Task prompt ::
Which lines of the data below hold "Galaxy"? Copy each of them.

Task inputs ::
□ □ □

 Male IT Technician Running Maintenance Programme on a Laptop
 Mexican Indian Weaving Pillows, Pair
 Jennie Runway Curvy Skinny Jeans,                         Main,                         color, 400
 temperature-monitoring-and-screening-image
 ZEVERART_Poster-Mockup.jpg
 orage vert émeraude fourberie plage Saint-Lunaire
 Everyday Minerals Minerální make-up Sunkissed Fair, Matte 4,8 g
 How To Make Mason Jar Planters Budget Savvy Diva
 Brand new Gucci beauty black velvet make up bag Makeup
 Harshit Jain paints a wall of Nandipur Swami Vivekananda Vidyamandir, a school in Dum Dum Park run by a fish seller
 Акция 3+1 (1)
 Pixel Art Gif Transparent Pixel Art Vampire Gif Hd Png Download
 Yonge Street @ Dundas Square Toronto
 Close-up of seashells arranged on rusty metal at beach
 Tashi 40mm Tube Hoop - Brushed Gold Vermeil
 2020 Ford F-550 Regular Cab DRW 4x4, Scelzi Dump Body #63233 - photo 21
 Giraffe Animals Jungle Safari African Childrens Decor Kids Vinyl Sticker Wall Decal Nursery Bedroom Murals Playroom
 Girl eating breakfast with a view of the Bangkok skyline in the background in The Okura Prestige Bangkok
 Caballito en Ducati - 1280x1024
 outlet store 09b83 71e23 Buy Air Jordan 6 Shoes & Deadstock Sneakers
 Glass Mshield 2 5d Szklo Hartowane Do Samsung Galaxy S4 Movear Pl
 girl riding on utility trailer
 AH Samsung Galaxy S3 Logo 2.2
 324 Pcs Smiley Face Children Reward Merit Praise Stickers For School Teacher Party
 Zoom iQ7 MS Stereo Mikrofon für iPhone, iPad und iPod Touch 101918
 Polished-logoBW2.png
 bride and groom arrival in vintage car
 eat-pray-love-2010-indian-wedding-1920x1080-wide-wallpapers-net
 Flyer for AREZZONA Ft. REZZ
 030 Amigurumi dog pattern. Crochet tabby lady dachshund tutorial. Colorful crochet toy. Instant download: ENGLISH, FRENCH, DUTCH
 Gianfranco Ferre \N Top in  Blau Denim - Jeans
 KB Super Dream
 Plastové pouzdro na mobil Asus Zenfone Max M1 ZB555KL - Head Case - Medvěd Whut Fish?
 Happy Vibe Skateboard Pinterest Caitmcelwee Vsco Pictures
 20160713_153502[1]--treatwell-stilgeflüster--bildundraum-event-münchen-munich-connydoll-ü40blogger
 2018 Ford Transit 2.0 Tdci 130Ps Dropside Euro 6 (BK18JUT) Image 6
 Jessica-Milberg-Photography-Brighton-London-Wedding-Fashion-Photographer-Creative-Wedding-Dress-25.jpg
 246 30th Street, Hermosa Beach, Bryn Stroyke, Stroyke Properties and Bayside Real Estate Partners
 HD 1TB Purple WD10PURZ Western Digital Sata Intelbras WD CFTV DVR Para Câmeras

□ □ □

Exercise answer ::
 Glass Mshield 2 5d Szklo Hartowane Do Samsung Galaxy S4 Movear Pl
 AH Samsung Galaxy S3 Logo 2.2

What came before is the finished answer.